Chicago Didn’t Enforce Gun Laws Reports New York Times
Posted by FirearmsTruth on August 30, 2010 · Leave a Comment
Irony in the Windy City indeed. We’ve been continuing to report that Chicago had had for years one of the strictest gun laws on the books in the country and yet has seen a wave of gun violence. Mayor Richard Daley, among others, pointed the blame at guns.
The Supreme Court overturned the city’s gun ban earlier this year, a move that Daley has been trying to find a way of fighting at all costs. But in another example of true irony, it is being reported by The New York Times that the gun ban in Chicago wasn’t all that well enforced.
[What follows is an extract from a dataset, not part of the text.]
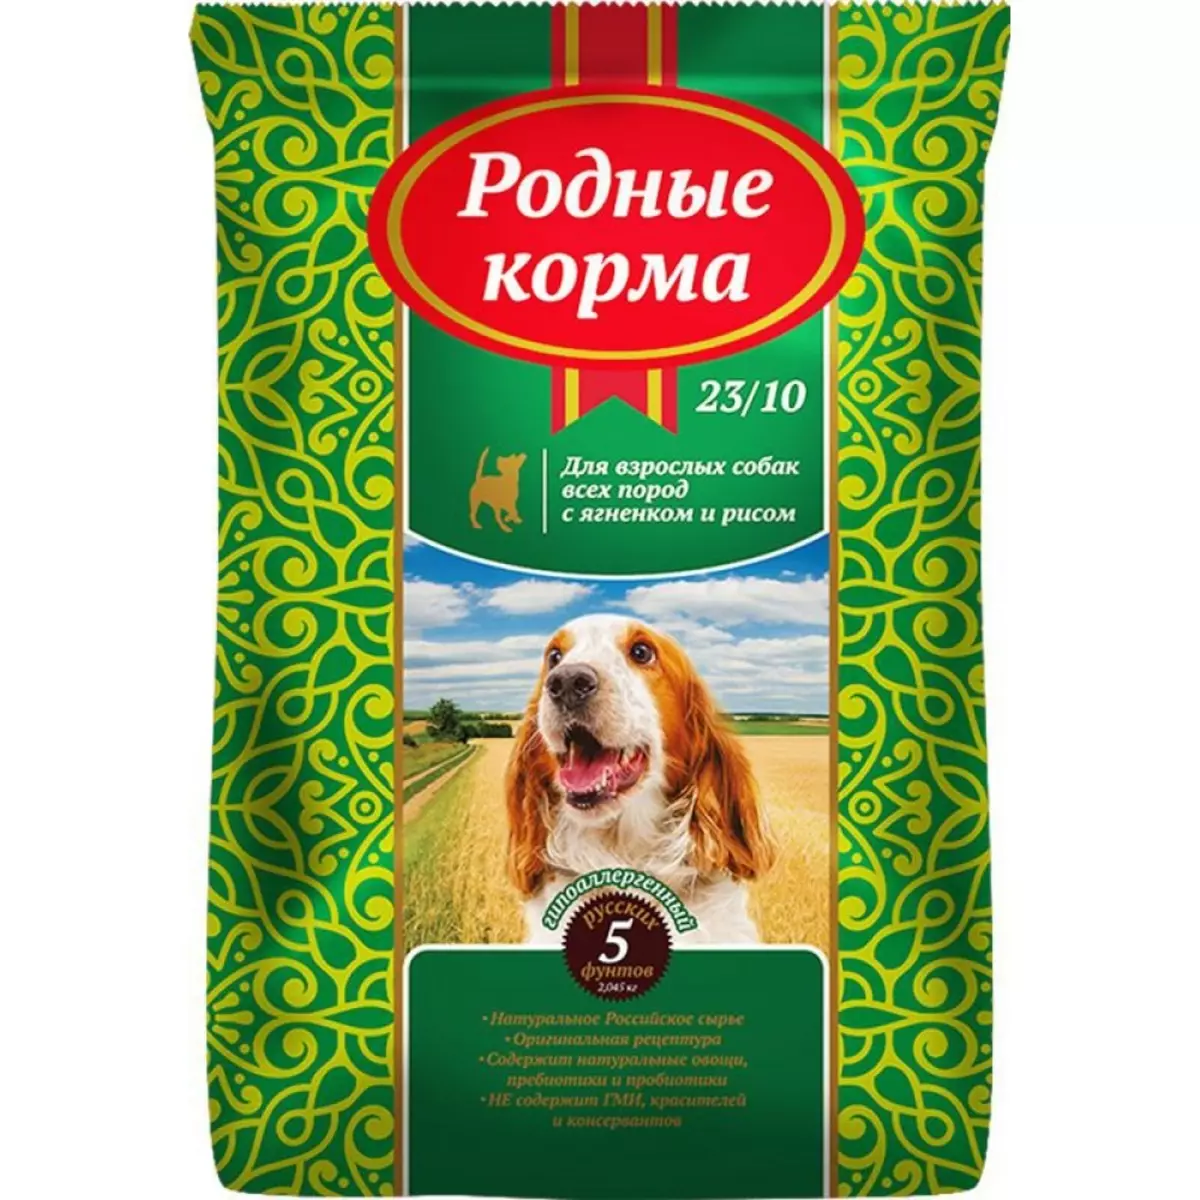 Premium Class Feed för hundar (43 foton): Betyg av importerade goda flöden för valpar, en lista över ryska och tyska hundfoder 12254_13
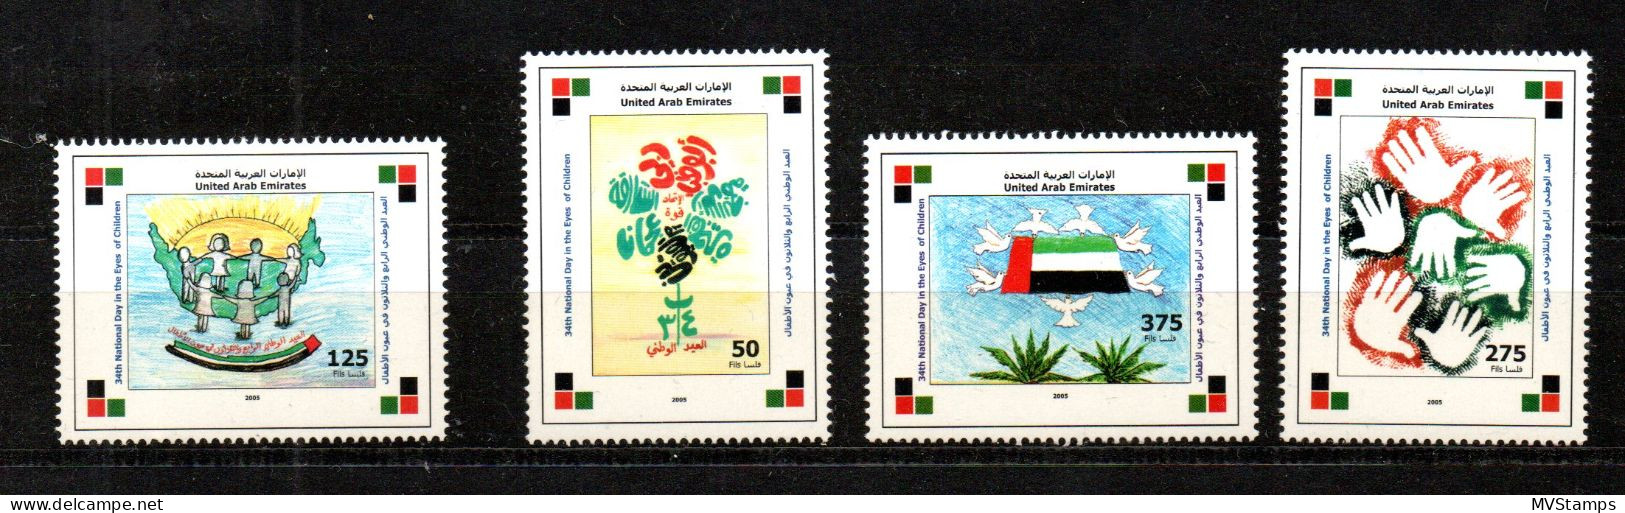 Vereinte Arab Emirates 2005 Satz 811/14 Kinderzeichnungen/Flagge Postfrisch - Ver. Arab. Emirate

The Old Gray Lady noted this weekend:
“But court records show that relatively few people were convicted of violating the laws, and even top city officials have questioned how useful they are in deterring crime.
“Since 1982, when the city tightened its gun ordinances to include the handgun ban, there have been just 2,201 convictions under the laws, according to data obtained by the Chicago News Cooperative from the office of the Cook County Circuit Court clerk. That works out to an average of about 79 convictions a year.”
What we are seeing here is that the laws then probably only kept law-abiding citizens, those such as Otis McDonald who fought the issue all the way to the Supreme Court, from having guns. But criminals simply ignored the law and mostly went unpunished. The final irony is that Daley of course put all the blame on guns in general, rather than the criminals.